116:20 — The Price of Adaptivity in Stochastic Convex Optimization

We prove impossibility results for adaptivity in non-smooth stochastic convex optimization.
Given a set of problem parameters we wish to adapt to, we define a “price of adaptivity” (PoA)
that, roughly speaking, measures the multiplicative increase in suboptimality due to uncertainty
in these parameters. When the initial distance to the optimum is unknown but a gradient norm
bound is known, we show that the PoA is at least logarithmic for expected suboptimality, and
double-logarithmic for median suboptimality. When there is uncertainty in both distance and
gradient norm, we show that the PoA must be polynomial in the level of uncertainty. Our lower
bounds nearly match existing upper bounds, and establish that there is no parameter-free lunch.

216:50 — Coin Sampling: Learning-Rate-Free Optimisation on the Space of Probability Measures

The task of sampling from a target probability distribution whose density is only known up to a normalisation constant is of fundamental importance to computational statistics and machine learning. There are various popular approaches to this task, including Markov chain Monte Carlo (MCMC) and variational inference (VI). More recently, there has been growing interest in developing hybrid sampling methods which combine the non-parametric nature of MCMC with the parametric approach used in VI. In particular, particle based variational inference (ParVI) methods approximate the target distribution using an ensemble of interacting particles, which are deterministically updated by iteratively minimising a metric such as the Kullback-Leibler divergence. Unfortunately, such methods invariably depend on hyperparameters such as the learning rate, which must be carefully tuned by practitioners in order to ensure convergence to the target distribution at a suitable rate.

In this talk, we introduce a suite of new sampling algorithms which are entirely learning rate free.
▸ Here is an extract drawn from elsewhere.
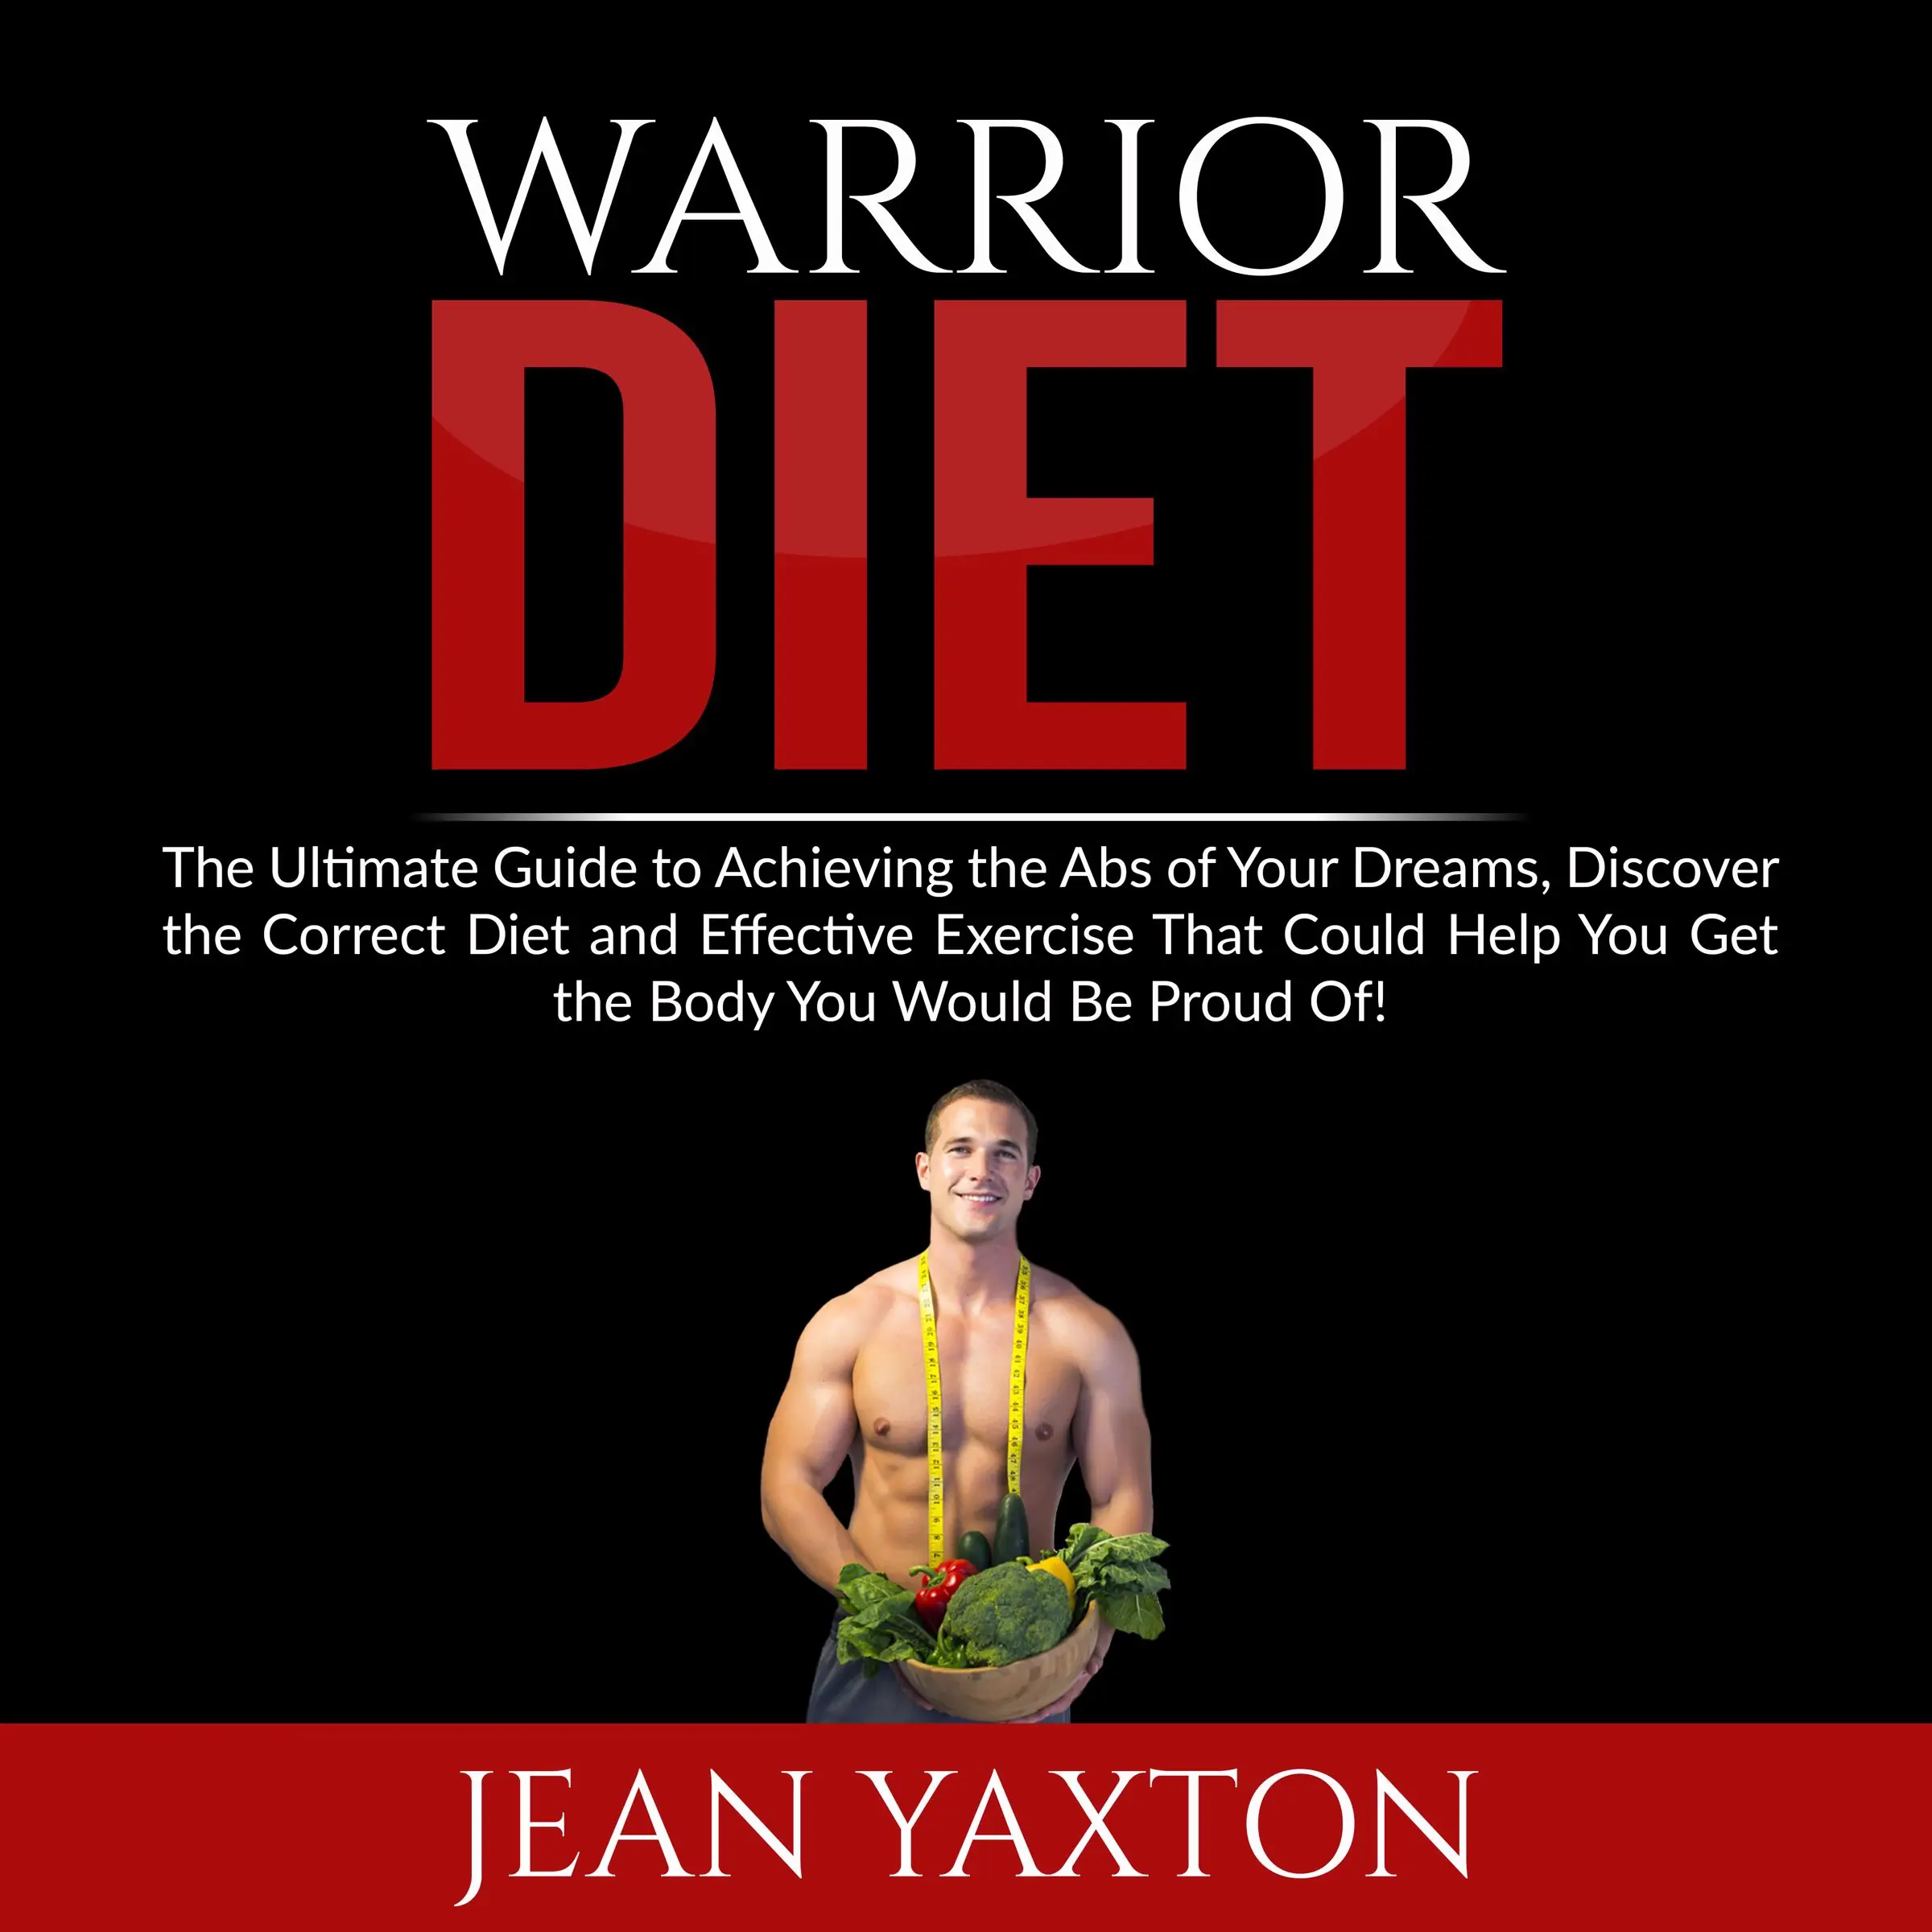 Warrior Diet: The Ultimate Guide to Achieving the Abs of Your Dreams, Discover the Correct Diet and Effective Exercise That Could Help You Get the Body You Would Be Proud Of! Audiobook by Jean Yaxton

Our approach leverages the perspective of sampling as an optimisation problem over the space of probability measures, and existing ideas from parameter free optimisation. We discuss how to establish the convergence of our algorithms under suitable assumptions on the target distribution. We then illustrate the performance of our approach on a range of numerical examples, including several high dimensional models and datasets, demonstrating comparable performance to existing state-of-the-art sampling algorithms, but with no need to tune a learning rate.

317:20 — Parameter-free projected gradient descent with application to contextual bandits with knapsacks

I will describe a fully parameter-free version of AdaGrad (norm), which is adaptive to the distance between the initialization and the optimum, and to the sum of the square norm of the subgradients. Dscribing an extension of our approach to stochastic optimization, I will highlight the utility of the approach for the problem of contextual bandits with knapsacks.